Tourist Visas in Poland
Poland is part of the Schengen Area. Citizens of the United States, Canada, Australia, New Zealand, Japan, Israel, and several other countries do not need to obtain a visa and can stay in Poland for up to 90 days. EU citizens do not need a visa and can stay indefinitely. Other nationalities must check with their local Polish embassy. All visitors must hold a passport valid for at least six months.
Local Currency: the official currency is the Polish złoty (PLN). 1 USD converts to 3.82 PLN.
Money & Payments: ATMs are available in cities and towns; even small villages should have at least one. The best way to exchange rates is at banks or withdrawing money from ATMs. Credit cards (Visa and MasterCard) are accepted in most hotels and restaurants. Always carry small cash and coins for shops and cafes. Tipping in Poland is mostly optional. In restaurants, 10% is the standard. Room-service staff and porters in hotels expect to be tipped. Taxis don’t expect tips.

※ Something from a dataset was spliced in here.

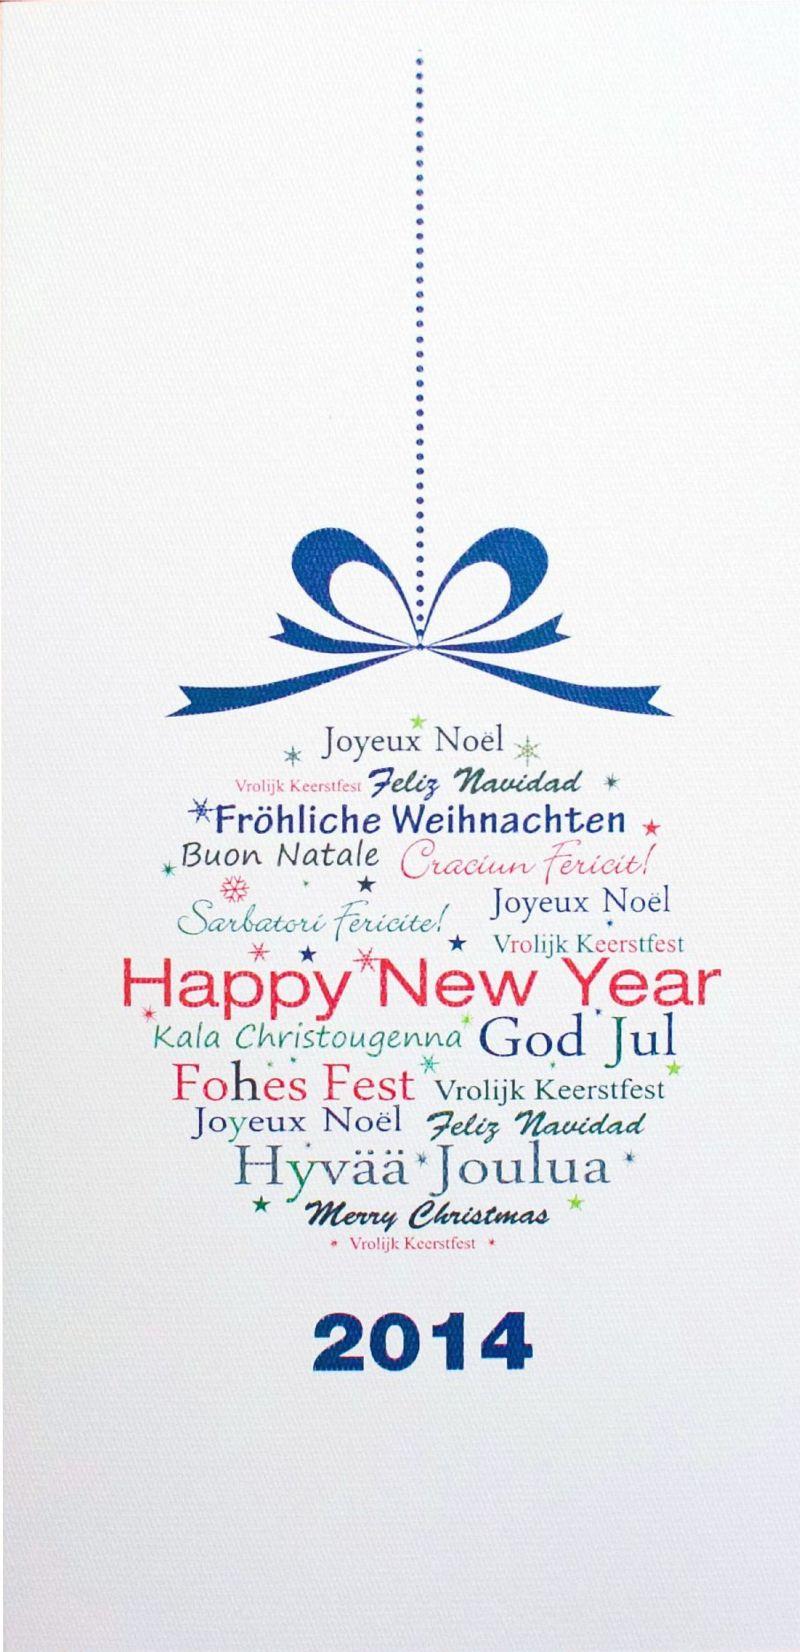 Felicitare de craciun 2014 cu glob albastru - poza 2

Local Language: The official language is Polish. Most of the locals in the tourist areas will have decent English. Foreign tourists should be aware that all official information including street signs and directions are only written in Polish.
Local Culture and Religion: Christianity is the largest religion in Poland with 87.5% of the population identified as Roman Catholic.
Public Holidays: Poland celebrates major Christian holidays such as Christmas and Easter. The country hosts many festivals throughout the year such as St. Dominik’s Fair every July to August, Light & Move Festival every October, and Ice Festival every December.